А потом двери внедорожника открылись, и два ловких молодых парня просто и легко подхватили меня под локти и утащили в машину. Прямо на глазах мамочек с колясками и старушек с анализами. И, естественно, что ни те, ни другие не бросились защищать меня и отбивать у бандитов.

34

— Носорог, тварь, верни мою сестру, сука!

Паша как раз собирался звонить казачке, чтоб предупредить о том, что теперь за ней будет охрана везде ездить, а то мало ли, вдруг утром не заметила, когда раздался звонок с незнакомого номера. Он взял трубку. А там вот это.

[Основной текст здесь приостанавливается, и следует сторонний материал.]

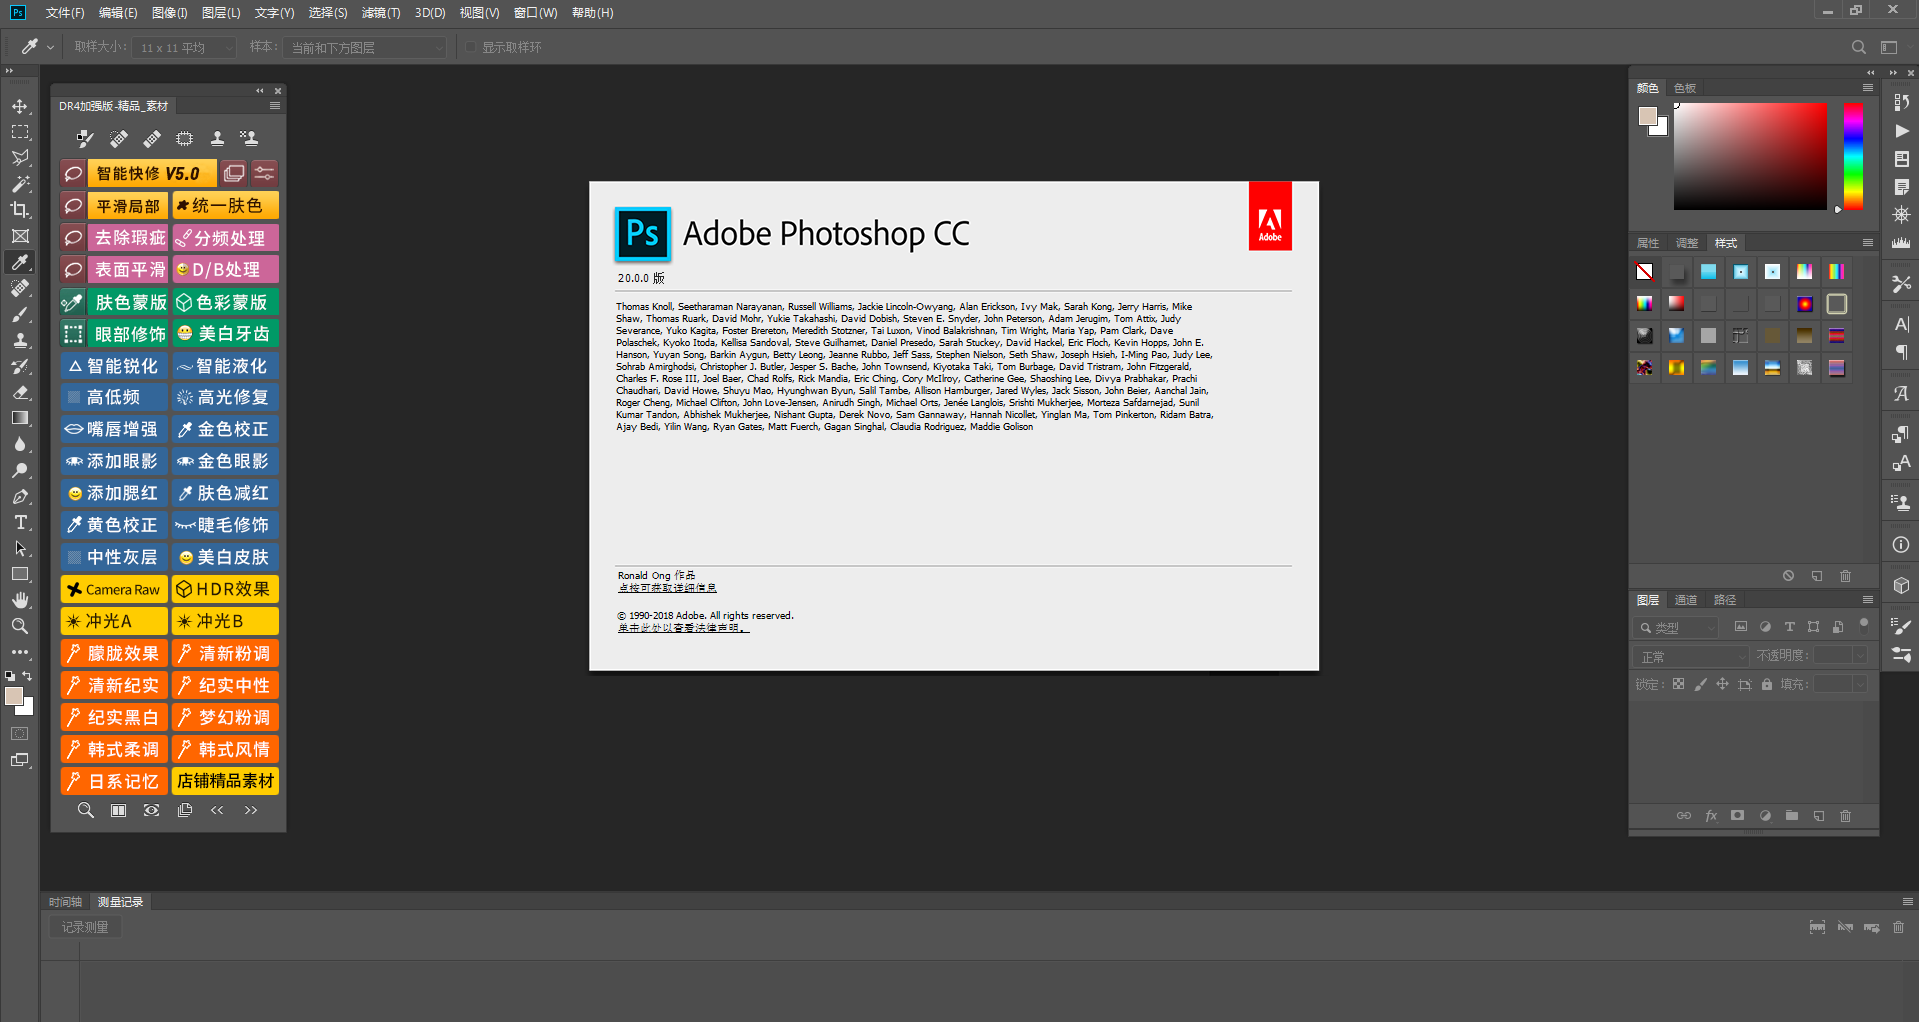 PS滤镜修图插件 DR4.5加强版集精修磨皮调色光效 完美支持PS CC 2019 Win和Mac版 + 详细安装说明 PS插件 Photoshop 第1张

Он сразу понял, что что-то произошло. Прям реально с первого слова. Мелкая дрянь с грязным языком, который, очень хотелось верить, Миша Лысый либо отчистит, либо отрежет в конце концов, орала, как ненормальная. А он держал трубку и ощущал, как все внутри замирает. Леденеет. Коркой покрывается.

И все присутствующие в кабинете в этот ранний час тоже это почувствовали.

Батя, со сноворкой и чутьем охотничьей собаки, сразу сделал стойку на Пашино изменившееся выражение лица.

А Миша Лысый, который, как выснилось, кроме того, что за малолетками гонялся, еще и доверенным лицом Сухого был, услышал знакомые обороты речи из трубки Носорога и тоже застыл.

— Лена…

Паша сделал жест дернувшемуся к нему Лысому не мешать, перевел взгляд на Батю и тот понятливо зашуршал своим айфоном, что-то настраивая.

— Не хочу тебя слушать! Ты — борзота подзаборная, возвращай мою сестру!!! Нахера ее твои упыри утащили?

— Лена… Ты где?

Ох, как тяжело ему этот вопрос дался. И тон. И голос.

— Я в больнице! А вот ее зачем увезли, я вообще не поняла! Я же тебе все сказала, тварь ты бандитская!